Alessandro Maino is centrally located at Av. Rei En Jaume 5 in Castelló de la Plana, which places it within direct reach of the city's main commercial area. A Google rating of 4.7 from 329 reviews suggests sustained quality across a meaningful sample, which at this price tier and city scale is a reliable signal. The tasting menu requires advance booking , contact the restaurant directly to confirm availability and format. À la carte and the lunch menu are more accessible, though a reservation is advisable given the consistent review volume. For additional options in the city, see our full Castelló de la Plana restaurants guide, and pair your visit with resources from our full Castelló de la Plana hotels guide, our full Castelló de la Plana bars guide, our full Castelló de la Plana wineries guide, and our full Castelló de la Plana experiences guide.

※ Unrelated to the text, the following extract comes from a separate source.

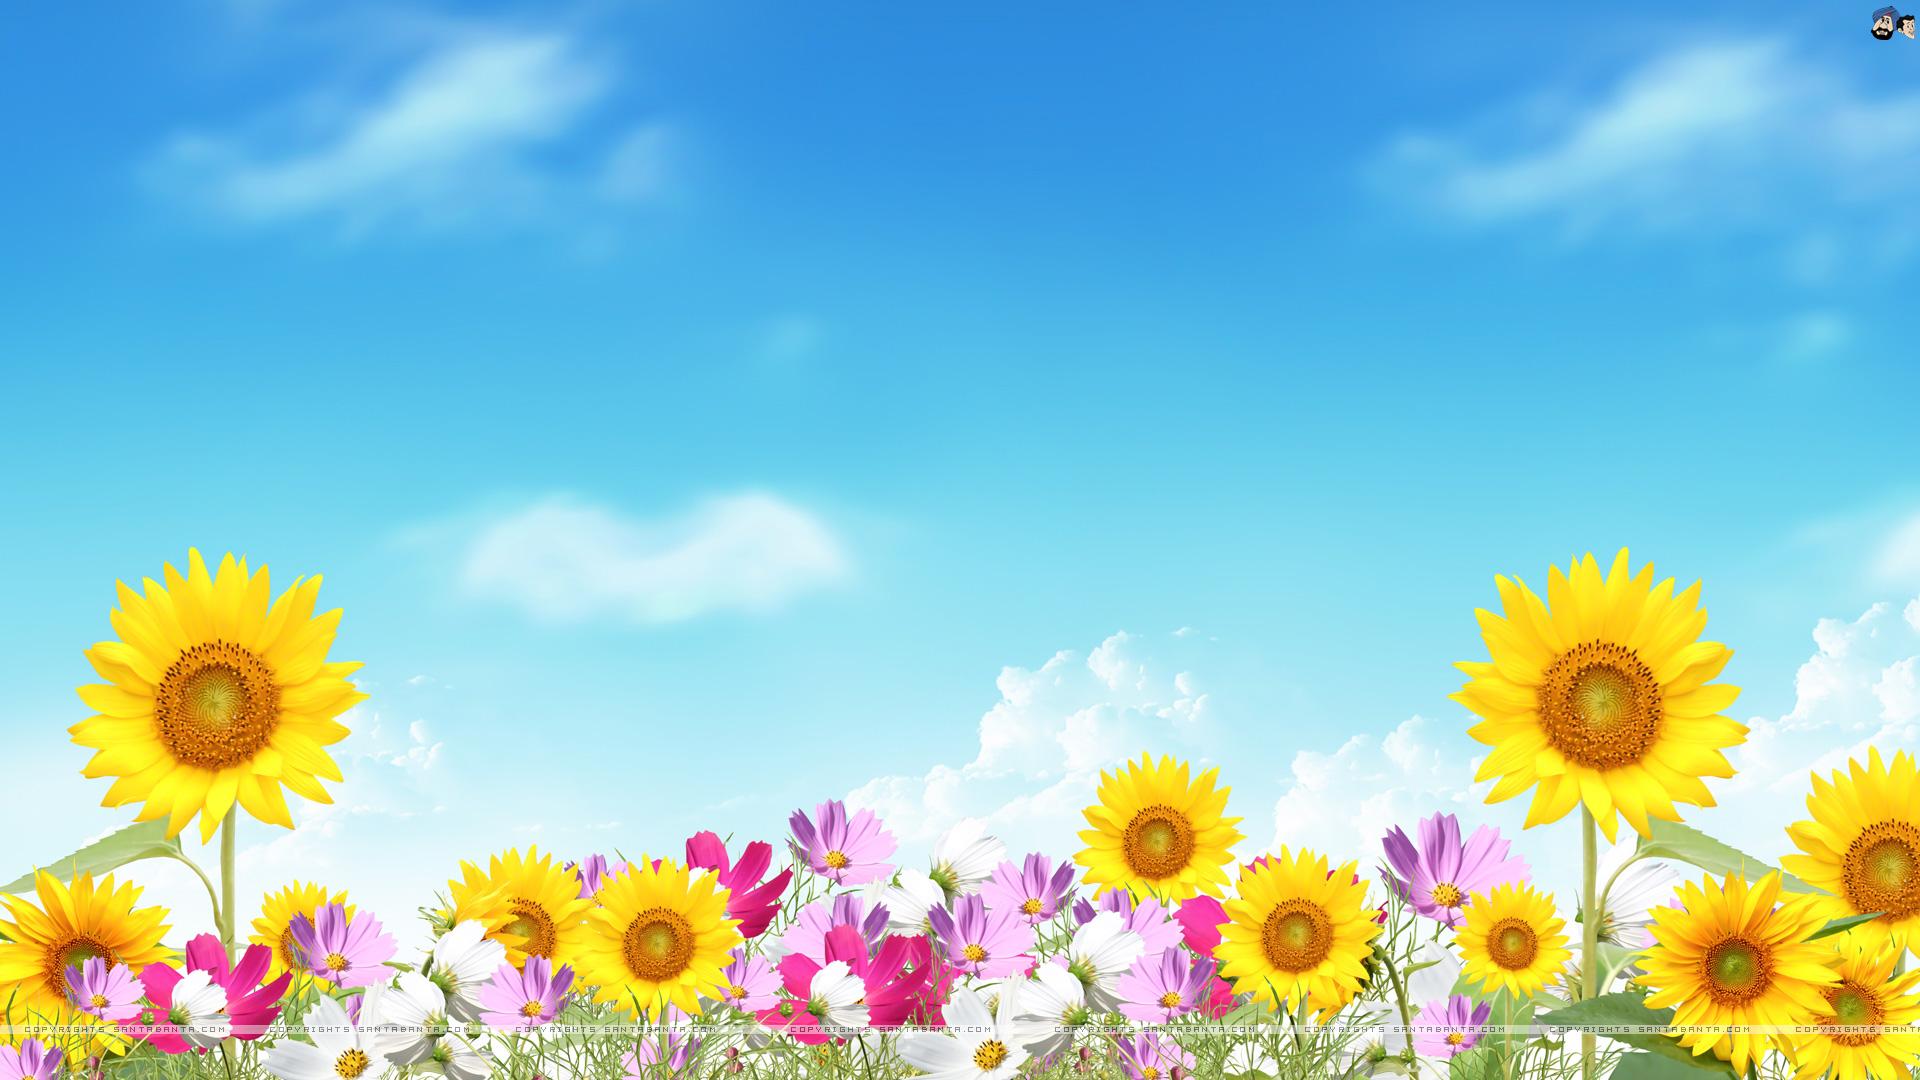 Sunflower Daisy Cosmos Digital Art 1920x1080 1920x1080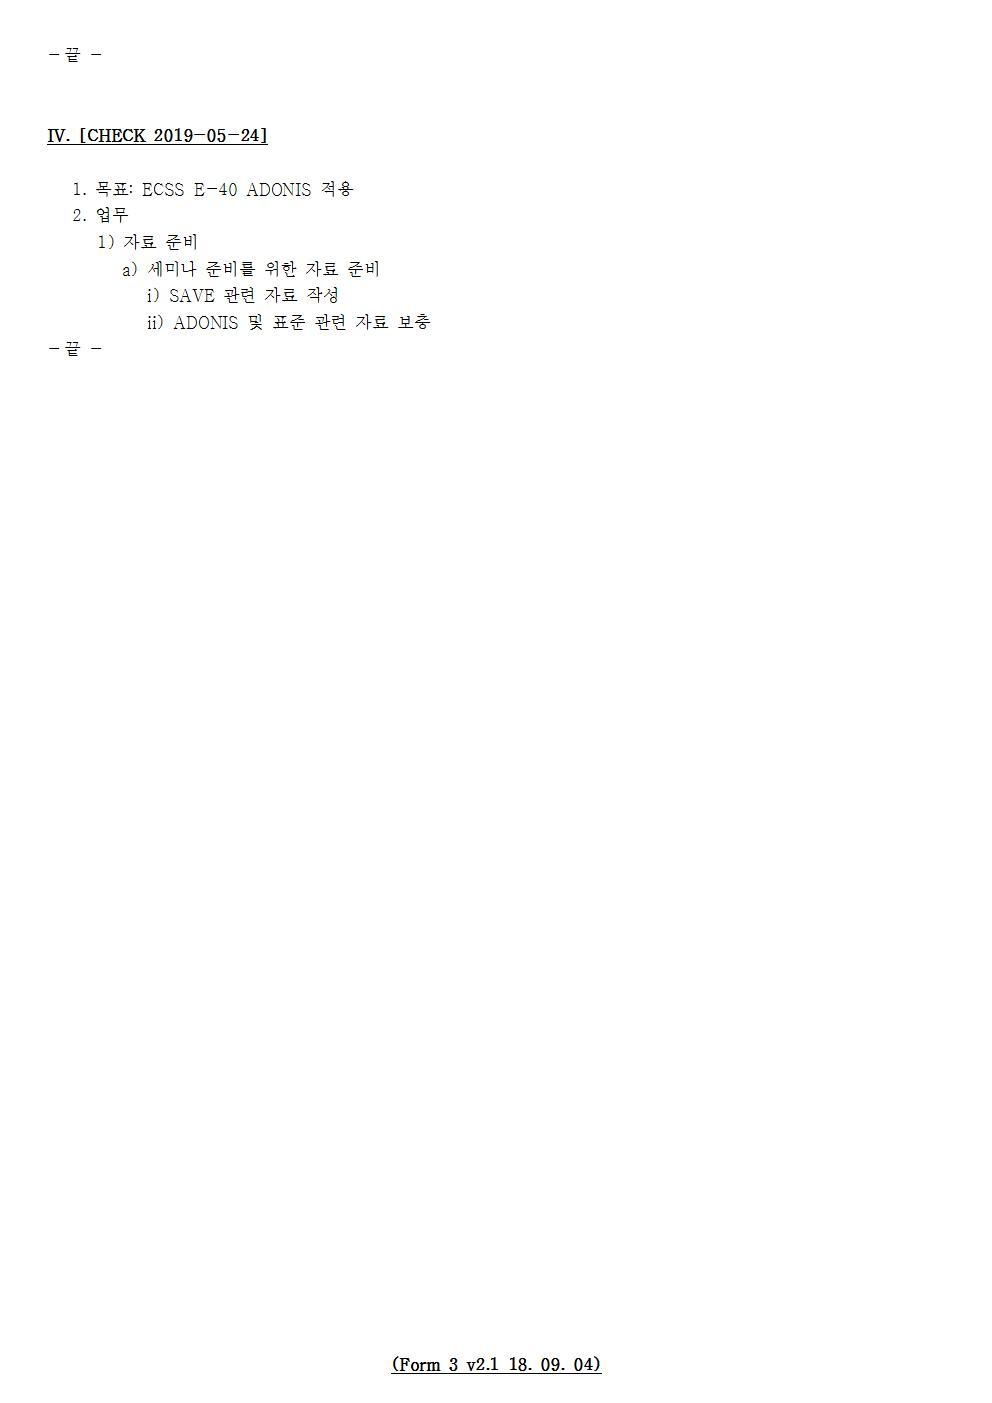 D-[19-004-RD-04]-[CMS]-[2019-05-24][YB]-[19-5-4]-[P+D+C]002.jpg

Frequently Asked Questions

What dish is Alessandro Maino famous for?

The Michelin inspector notes specifically highlight a prawn preparation served in different textures as a standout from the à la carte menu. It is characteristic of the kitchen's approach: a single ingredient from the Mediterranean coast, worked through multiple technical treatments derived from the chef's training across Italy, France, Switzerland, and Spain. The dish sits within a broader menu where this kind of single-ingredient depth is consistent rather than exceptional.

Do I need a reservation for Alessandro Maino?

For the tasting menu, yes , and this is not optional. The more ambitious format must be booked in advance, which means arriving without a reservation closes off access to the kitchen's most complex output. For à la carte and the lunch menu, a reservation is strongly advisable: a Google rating of 4.7 from 329 reviews at a Michelin-recognised address in a city this size indicates consistent demand. In a €€ bracket where comparable international-leaning kitchens elsewhere in Spain carry considerably higher price tags, Alessandro Maino attracts diners from beyond the immediate city, which makes walk-in availability less reliable than the Castelló setting might suggest.